Рада, что Вы на посту. Благодаря Вашим стараниям работа над архивами идет полным ходом.

Желаю успеха.

С уважением Л.Н.Повзикова».

 На скорбную весть откликнулся и академик Российской академии образования, мой ближайший друг и учитель, Борис Михайлович Бим-Бад, которому я сразу переслал, в числе других знавших Апраушева людей, свою переписку с Лидией Николаевной по поводу его смерти:

 «Дорогие коллеги! Помню Альвина Валентиновича бодрым, всегда готовым перейти от улыбки к смеху, трудягу. Я написал рецензию на его учебник и опубликовал в «Советской педагогике». Несколько лет назад позвонил ему, чтобы поздравить с его днём рождения. Как же он обрадовался. Много созидательного и доброго совершил дорогой Апраушев. Помню, ценю, надеюсь увидеться с ним там — за горизонтом.

Ваш БББ».

 «Дорогая Лидия Николаевна!

Я сообщил о смерти Олега Валентиновича Галине Константиновне Епифановой, директору детдома.

Надеюсь, оттуда кто-то будет на прощании.

Юлия Майорова тут на летней школе, сказала мне вчера, что ездила к Вам работать над архивом. Очень рад, я десять лет никак не мог сдвинуть с места эту колымагу, Апраушев мечтал о музее, теперь он существует при детдоме. И вообще с появлением фонда «Со-единение» колымага эта наконец-то заскрипела. Апраушев был бы счастлив, он огорчался, что мне никак не удавалось её сдвинуть…

Держитесь, пожалуйста, спасибо Вам за заботу о Нём.

Ваш А.В.Суворов».

 «Уважаемый Александр!

Спасибо за заботу. На проводы приехали сотрудницы д/д, которые работали с А.В., отец Антона, у которого Альвин был гуверменом.

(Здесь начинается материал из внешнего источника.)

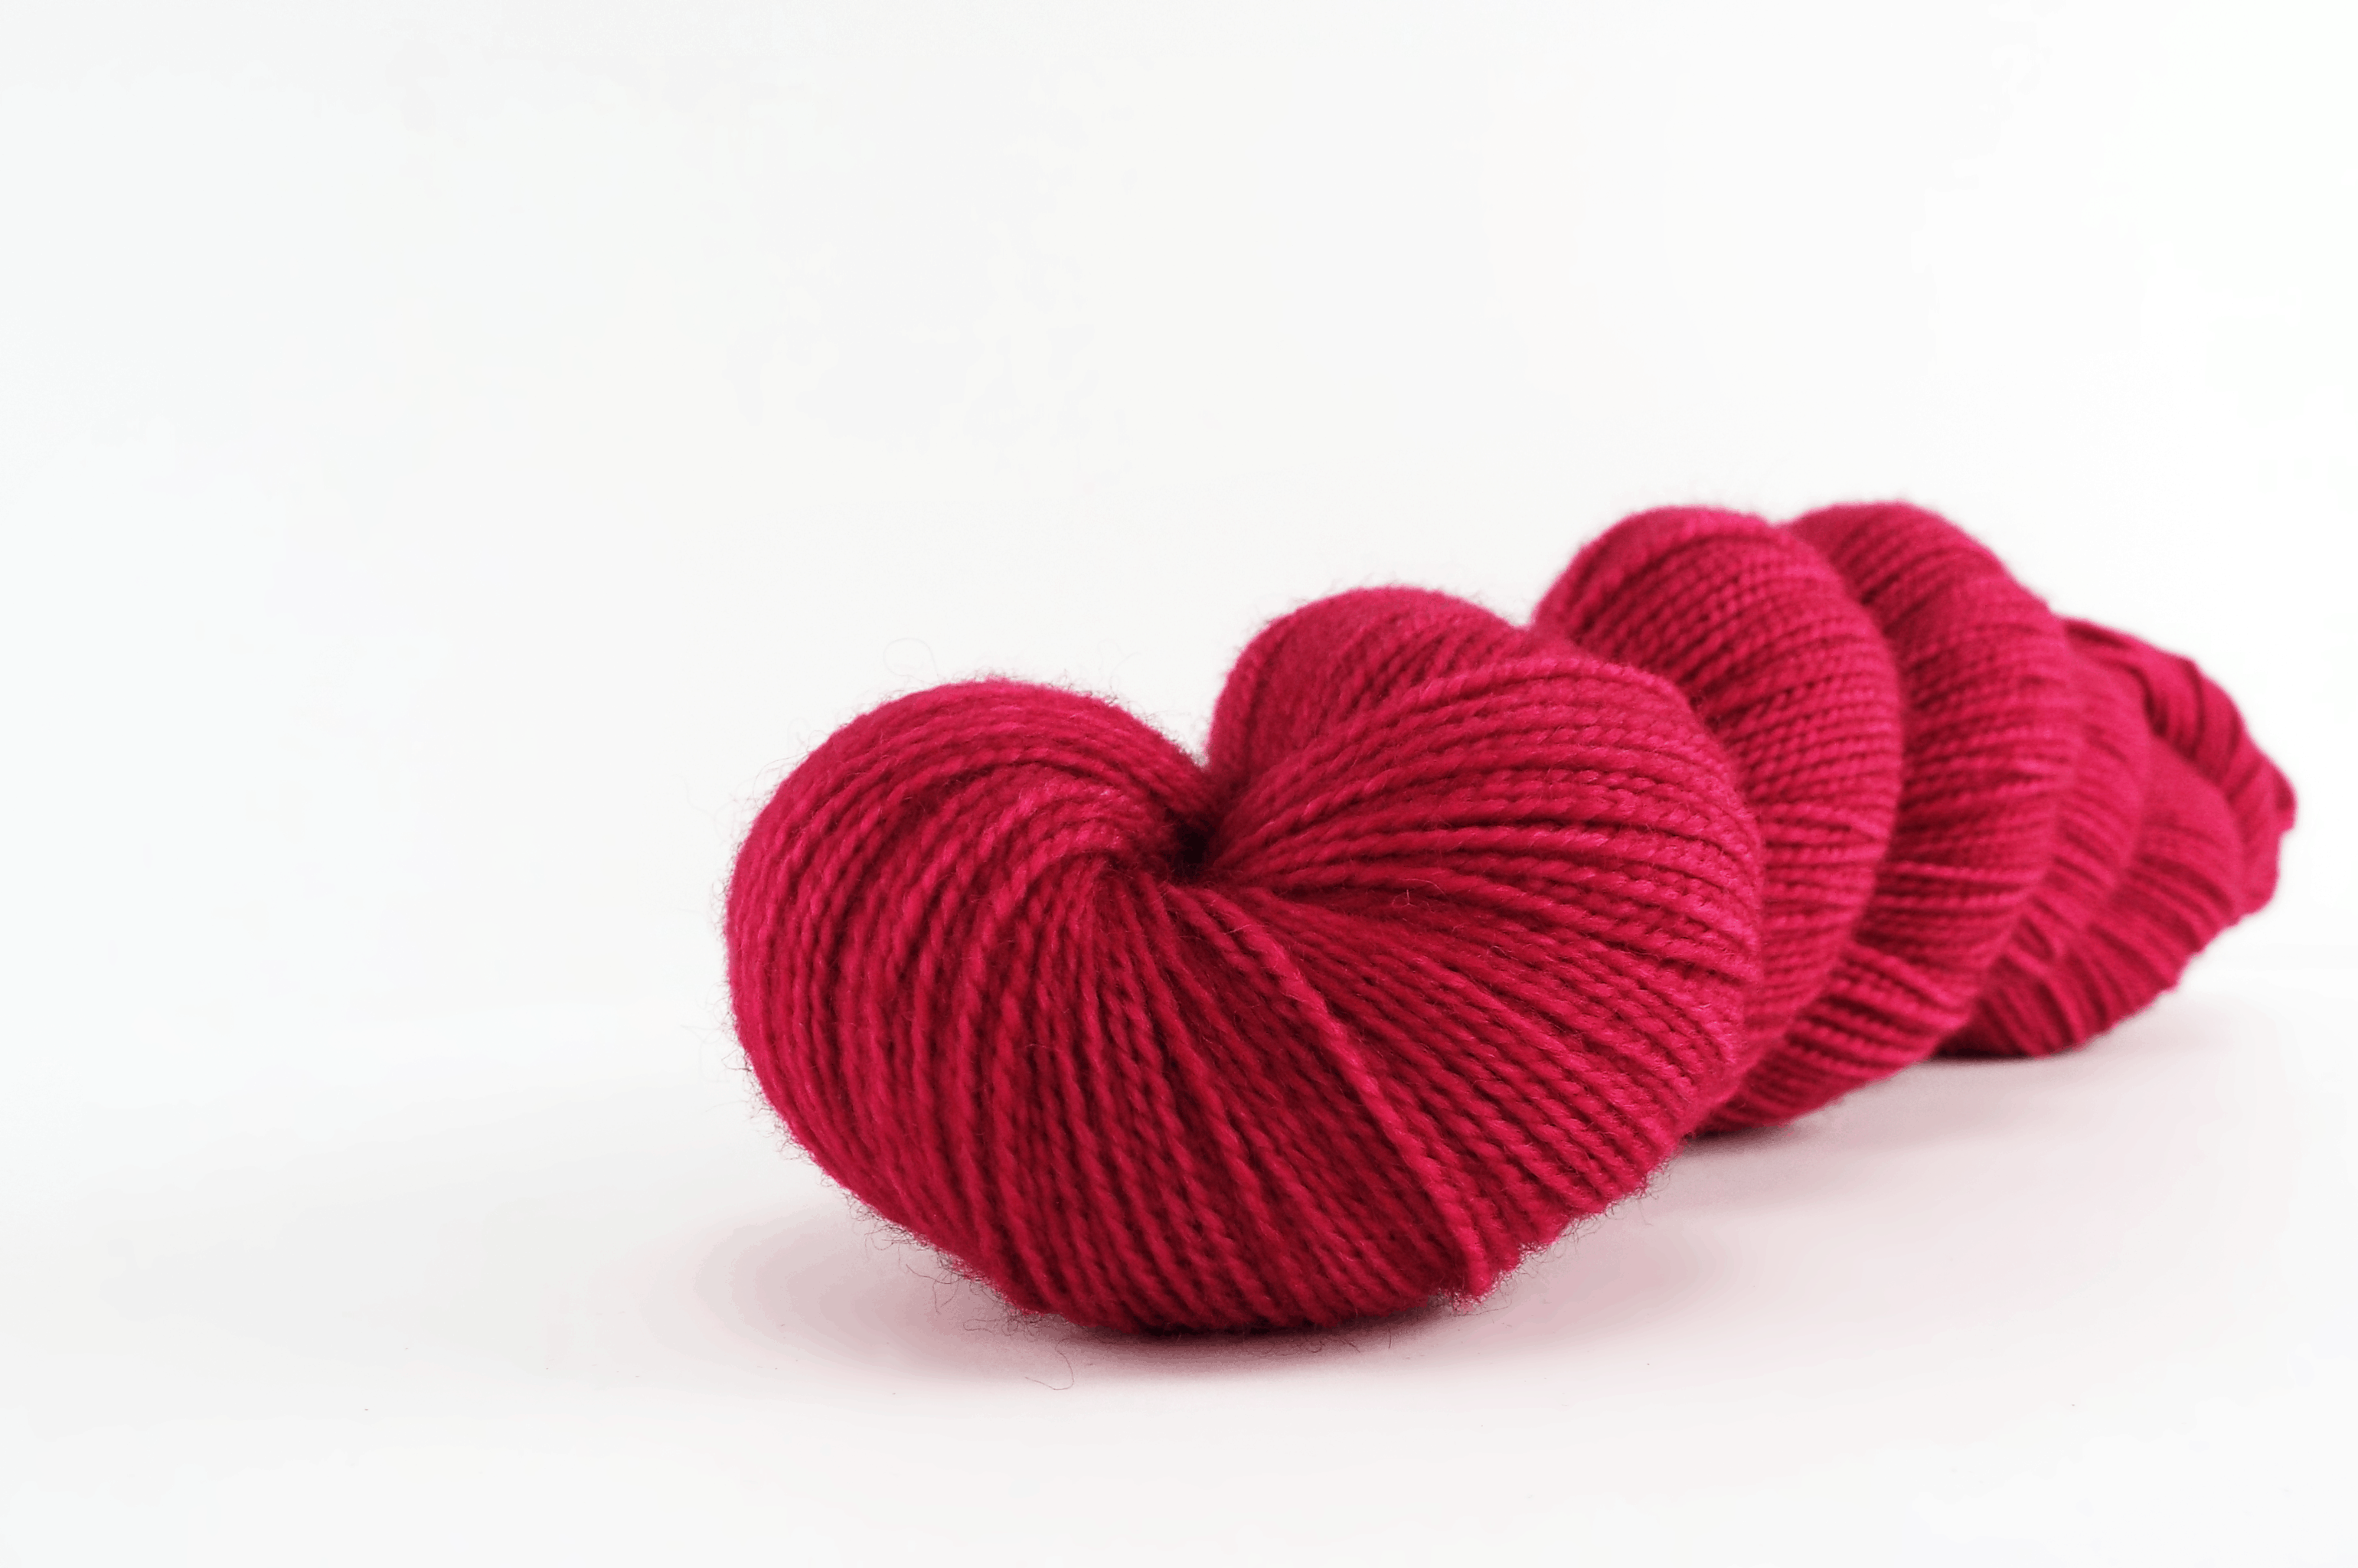 A skein of red yarn.
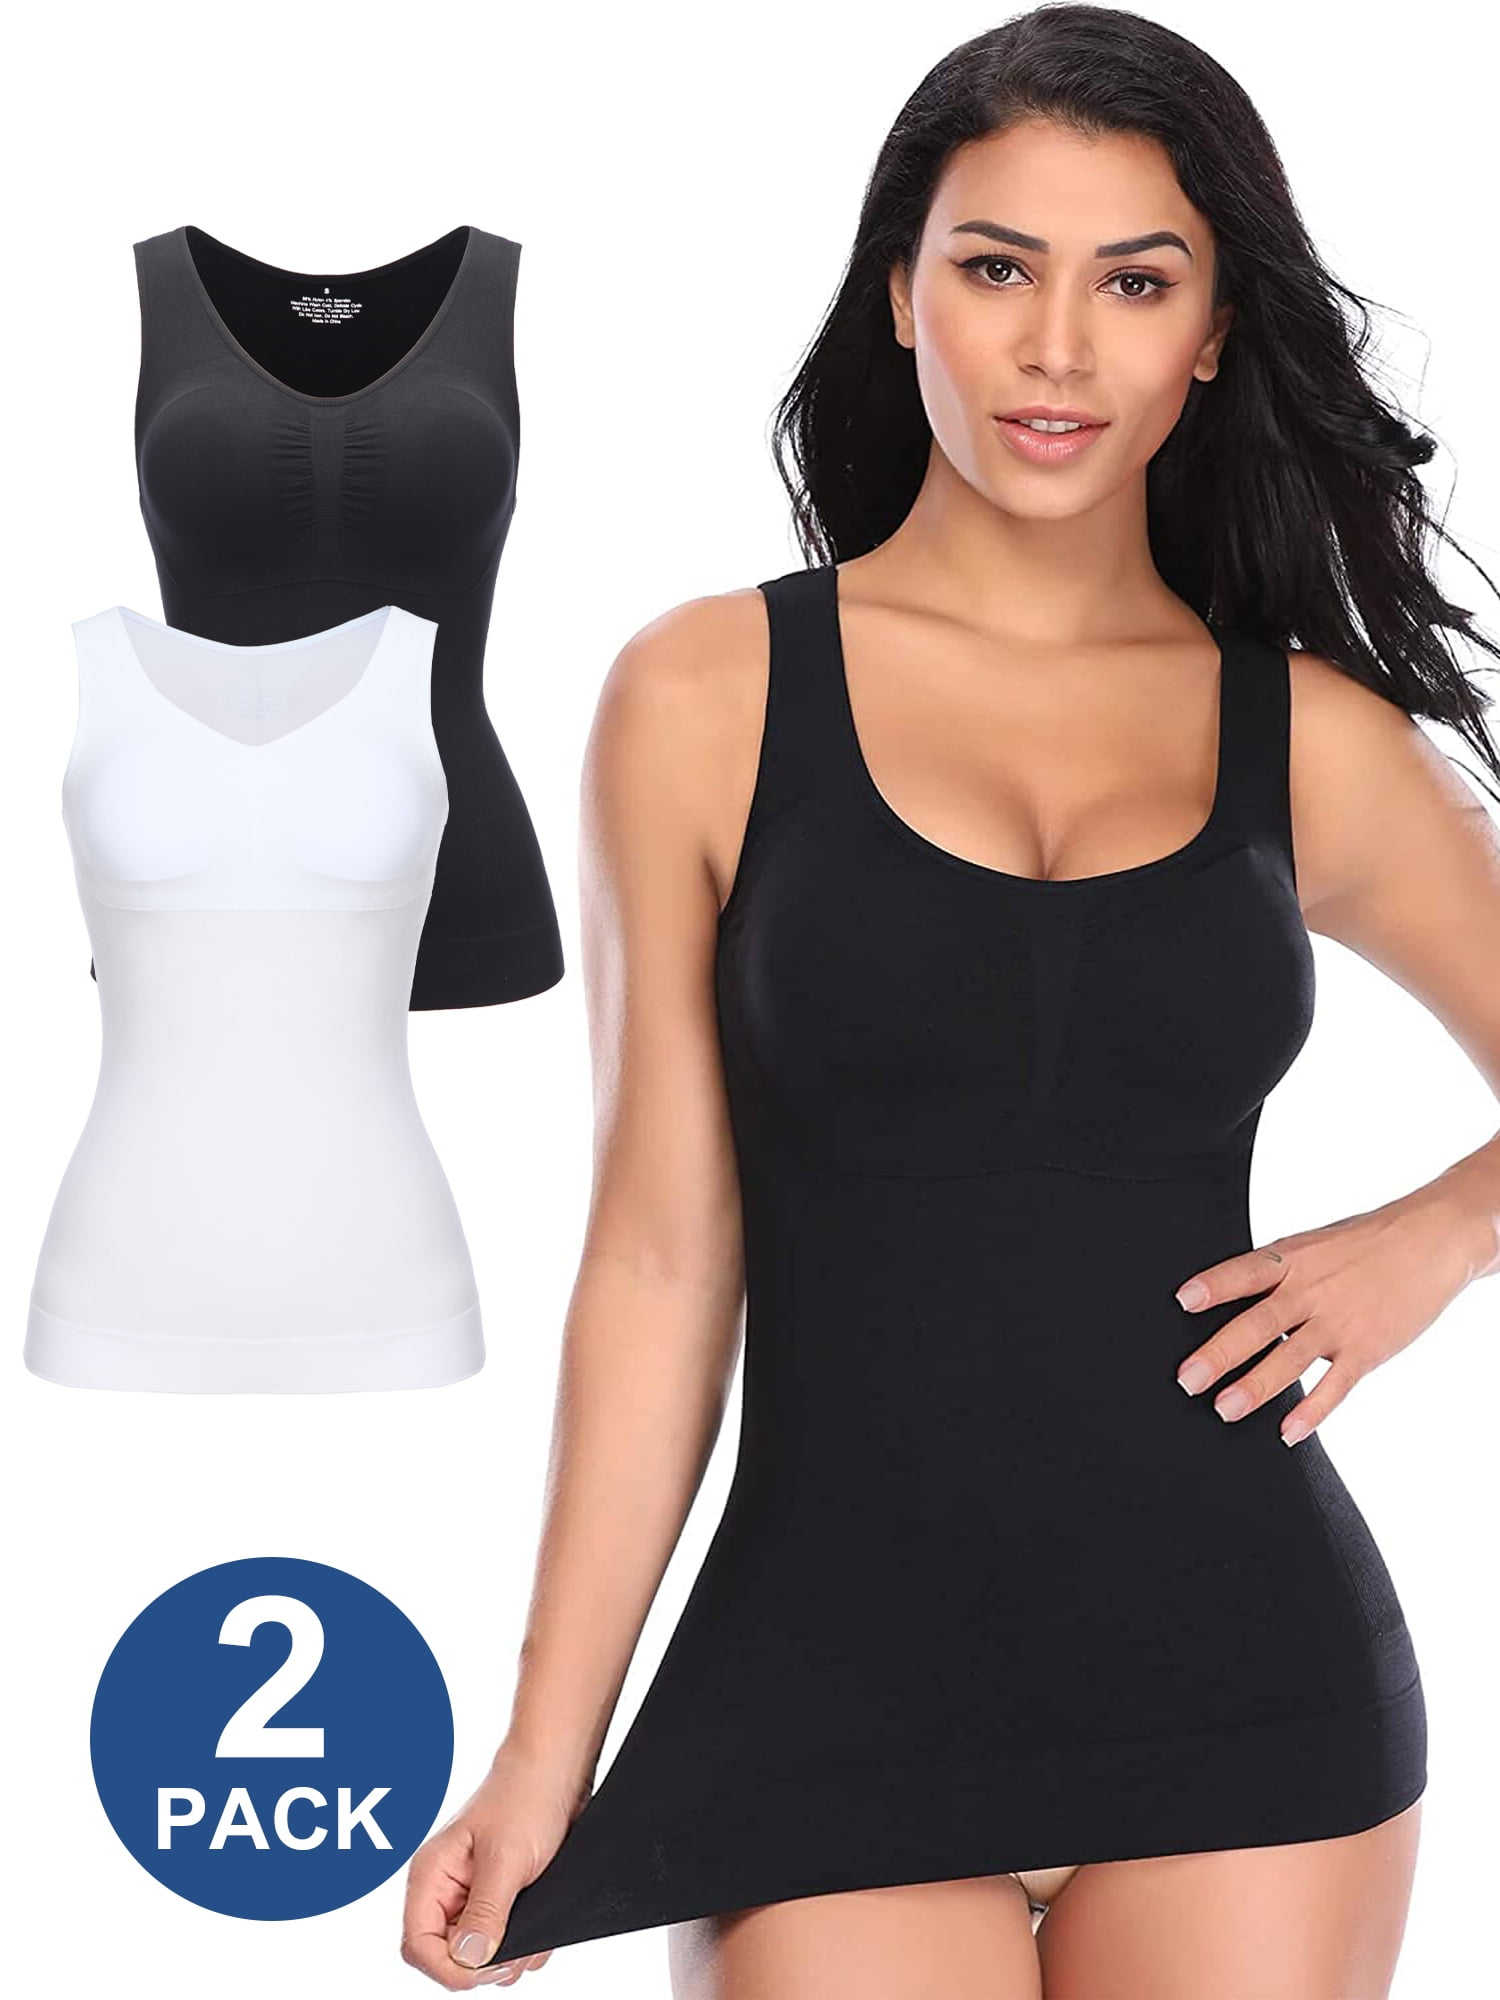 Shapewear Tank Tops for Women Tummy Control cami with Built in Bra Slimming Lace Compression Top Vest Body Shaper

С уважением, Повзикова Л.Н.»

 2

 Альвин Валентинович Апраушев родился 25 января 1930. В 1943 году подросток убежал на фронт, и в прифронтовой неразберихе подорвался на мине, лишился правой ноги. Всю оставшуюся жизнь — на протезе. Но не знавшие об этом и не догадывались ни о чём: в молодости он на этом протезе даже танцевал, и до глубокой старости катался летом на велосипеде, зимой — на лыжах.

Не знаю точно анкетных данных — где учился и работал. Он рассказывал, что, кроме всего прочего, работал на химическом заводе, производившем химическое оружие. Поэтому квартиру получил в военном городке под Загорском (ныне Сергиев Посад), и когда мама приезжала ко мне в Загорский детский дом для слепоглухонемых, мы с ней несколько раз ездили к  нему в гости в этот военный городок. Участвуя в художественной самодеятельности, он играл на корнете в духовом оркестре, в том числе приходилось играть и на похоронах…

 «Земную жизнь пройдя до половины», Апраушев с 1 февраля 1965 года начал работать рядовым воспитателем в Загорском детском доме для слепоглухонемых. Там мы и встретились. Летом 1965 года мне было двенадцать лет, и на летних каникулах он поработал и моим воспитателем. Возил нас в деревню Голыгино купаться в речке Воря, однажды покатал нас по Воре в лодке, управляя ею шестом. Я ещё не умел плавать, вообще-то речка мелководная, можно пешком дойти до другого берега. Но я умудрился найти яму, забарахтался, потеряв опору, закричал, и Апраушев меня вытащил обратно в «лягушатник».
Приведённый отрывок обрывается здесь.